A lovely treat through the letter box in Clare Fisher’s All the Good Things.  It was a rainy Monday and my kindle battery had died so I looked to my unread book shelf and this caught my eye.  From page one I was hooked in Beth’s story – at 21 years old she is in prison, and can only see the bad in herself.  When her psychiatrist suggests writing down all the good things she remembers Beth feels she will struggle.  Soon however she has remembered her job at the Odeon, Orange Wednesdays, being friends with Chantelle and “your dad”.

It’s not revealed until the end of the book why Beth is in prison, but I felt from reading you could probably begin to get an idea from reading between the lines.  In writing her notebook you become immersed in Beth’s life – her struggles with an absent mother, being passed through the foster care system and in believing she’d found love with a married man.  When she is pregnant she has little money and becomes embroiled in debt.

It’s difficult not to feel for Beth and by the end I was a little teary at her story – probably had more effect on me being a new mum myself that I could have more of a connection in that way to the character.

A great little page turner for a rainy day!

All The Good Things Book Cover All The Good Things
Clare Fisher
Penguin - Viking
01/06/2017
228

Twenty-one year old Beth is in prison.
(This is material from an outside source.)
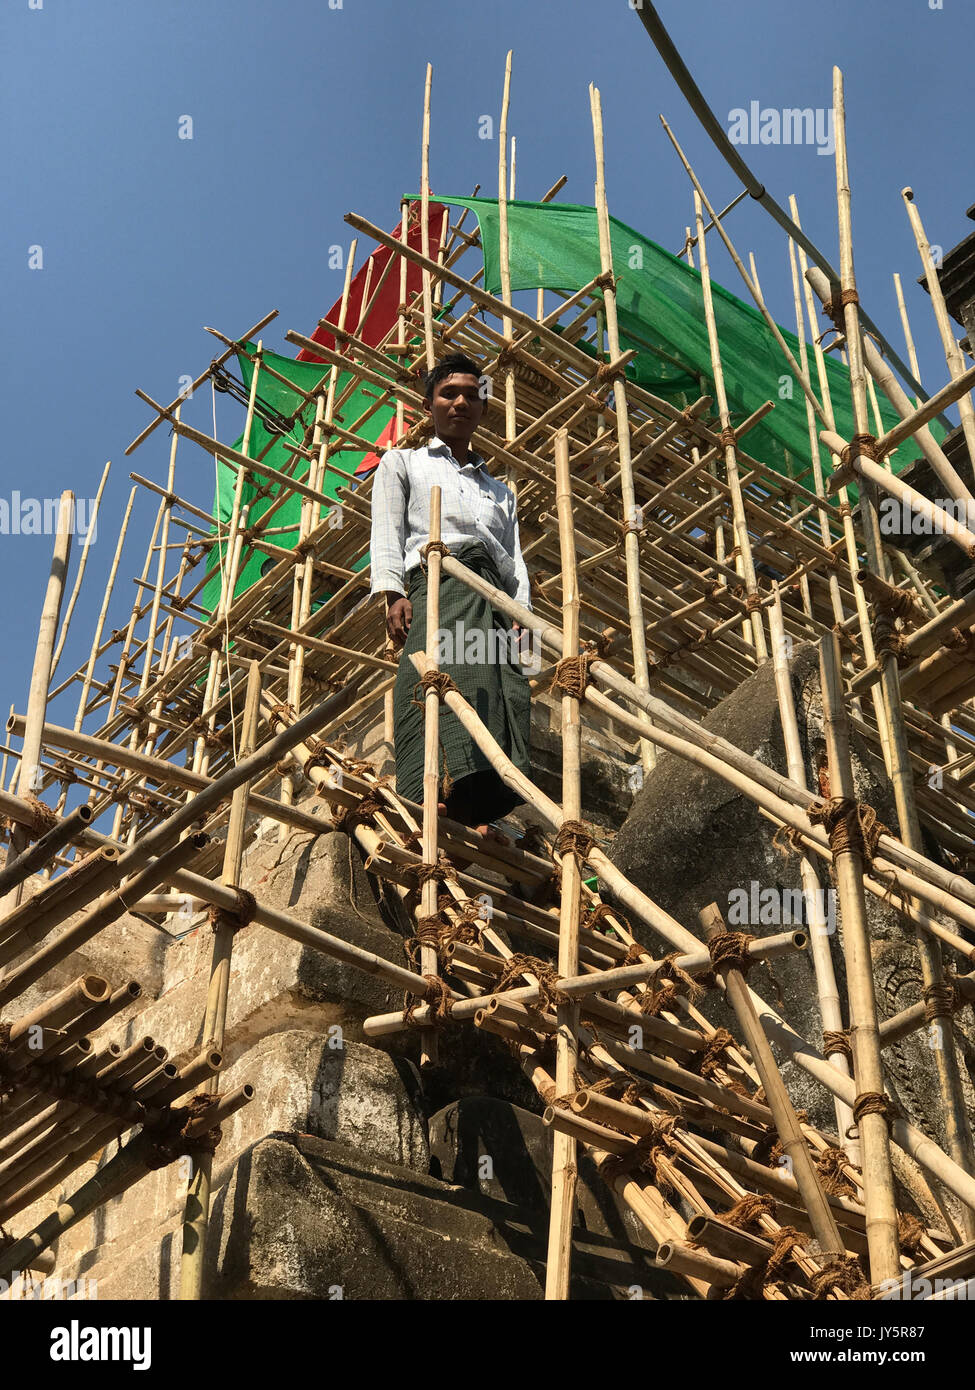 Fichier - File photo datée du 23 février 2017 montrant un travailleur de la construction sur un échafaudage en face d'un temple dans la vieille ville royale de Bagan au Myanmar. Bagan est visant à être classé par l'UNESCO comme site du patrimoine mondial. Cela peut être difficile en raison de l'inadéquation des rénovations effectuées au cours des dernières années. Cependant, il y a maintenant un peu d'espoir. Photo : Christoph Sator/dpa Banque D'Images

The thing she did is so bad she doesn't deserve ever to feel good again.
But her counsellor, Erika, won't give up on her. She asks Beth to make a list of all the good things in her life. So Beth starts to write down her story, from sharing silences with Foster Dad No. 1, to flirting in the Odeon on Orange Wednesdays, to the very first time she sniffed her baby's head.
But at the end of her story, Beth must confront the bad thing.
What is the truth hiding behind her crime? And does anyone - even a 100% bad person - deserve a chance to be good?